Commercial Division Blog

Posted: April 3, 2014 / Categories Commercial, Law Firms and Professional Ethics

Motion to Disqualify Granted Despite Absence of "Significant Harm"

On March 28, 2014, Justice Kornreich of the New York County Commercial Division issued a decision in Mayers v. Stone Castle Partners, LLC, 2014 NY Slip Op. 50461(U), granting the plaintiff's motion to disqualify a law firm from representing the defendants.

In Mayers, the plaintiff's motion was premised upon a conversation the plaintiff had with a litigator at the law firm before the present action began. The plaintiff made an unsolicited call a lawyer at the firm seeking to have the firm represent him in a related matter. The lawyer declined due to conflicts.

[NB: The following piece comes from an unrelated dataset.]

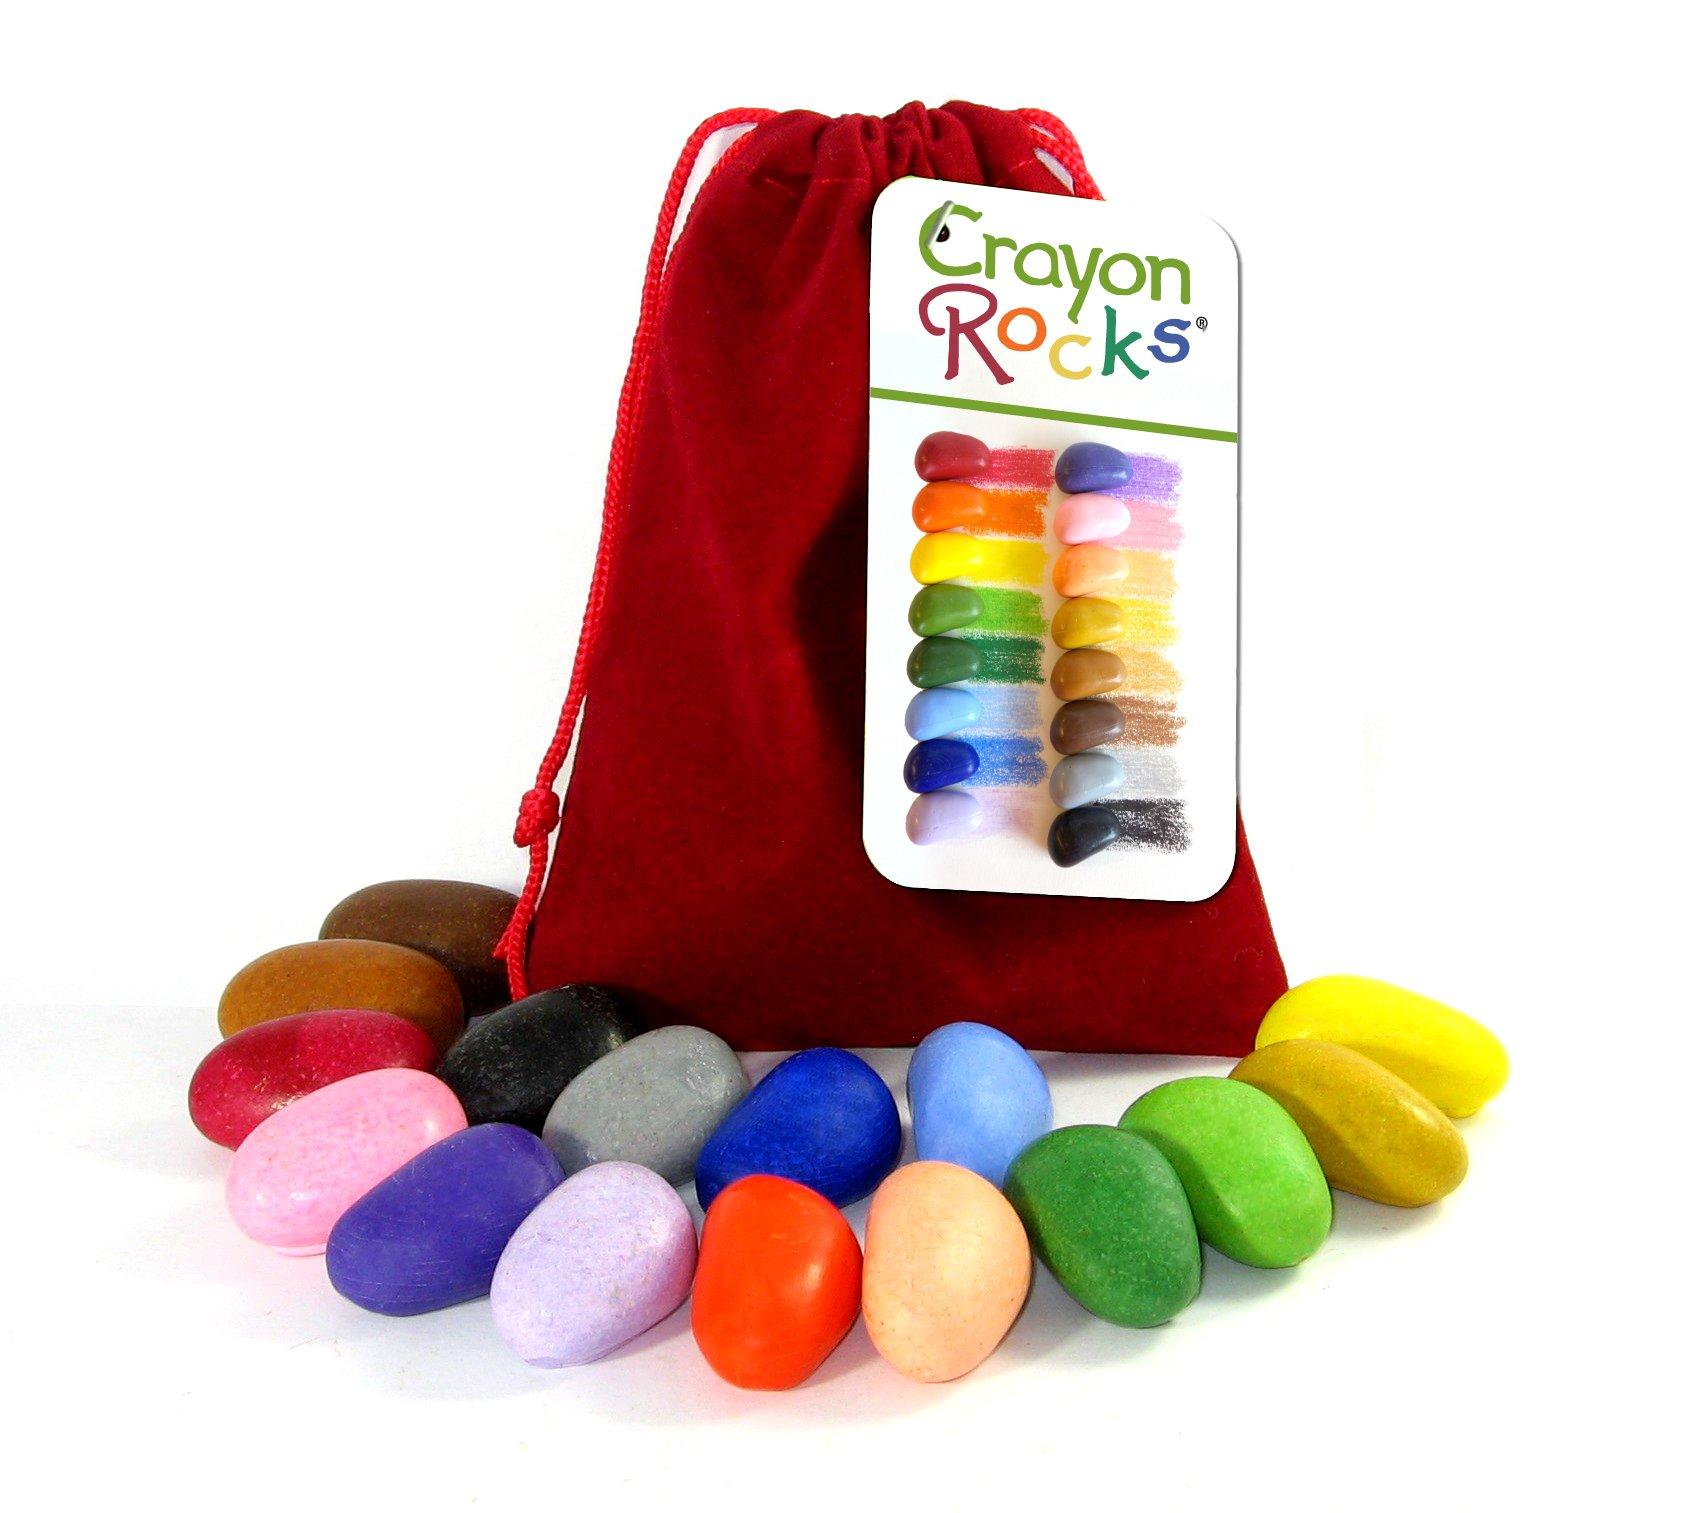  Crayon Rocks, Crayons in a Rock Shape, 8 Colors, Tripod Grip  Made For Handwriting Development in Kids and Toddlers, Fun & Educational,  Creative Activity, Comes in a Blue Velvet Bag : Toys & Games

Although that conversation, "on its own, does not warrant disqualifying," the firm, the lawyer subsequently discussed the call with his colleague, the defendants' lead counsel, and information regarding the plaintiff's call to the firm was included in the complaint. Indeed, the complaint specifically mentioned that the plaintiff "contacted an attorney about the possibility of representing him [and] falsely told the attorney that he was no longer with" the defendant. The court found that these disclosures violated the law firm's fiduciary obligation to preserve the confidential secrets of prospective clients pursuant to Rule 1.18 of the New York Rules of Professional Conduct:

[The law firm's] use of [its lawyer's] discussion with [the plaintiff] in paragraph 33 of the Company's complaint mandates disqualification. This is so even though: [the defendants' trial lawyer] did not affirmatively seek this information in his discussion with [his colleague]; the information is not particularly damning in the context of the more troubling allegations about [the plaintiff’s] actions; and most of these facts were public knowledge at the time and would have (and indeed did) come to light on their own.

. . .

After carefully scrutinizing the allegations and weighing the strategic motives of the motion, the court concludes that [plaintiff] has not met his heavy burden of establishing a significant harm caused by [the law firm's] representation of the Company. Nonetheless, [the law firm's] disqualification is still necessary because, as the appellate courts have long held, the inquiry must go beyond the strict determination of whether a technical violation has occurred. This inquiry arises from the undeniable maxim of the legal profession that an attorney must avoid even the appearance of impropriety . . . . In other words, the movant need not suffer any harm from the violation.

(Internal citations and quotations omitted.) The court acknowledged that "though courts have long paid homage to the notion that gamesmanship may be ground to deny a motion for disqualification, in practice, the movant's motive is not what tips the scales."

This opinion recognizes that, in almost every motion to disqualify, the movant will be acting for strategic reasons, but that that is not a sound basis to deny the motion.  Creating a significant appearance of impropriety will, this decision shows, provide a basis for granting the motion.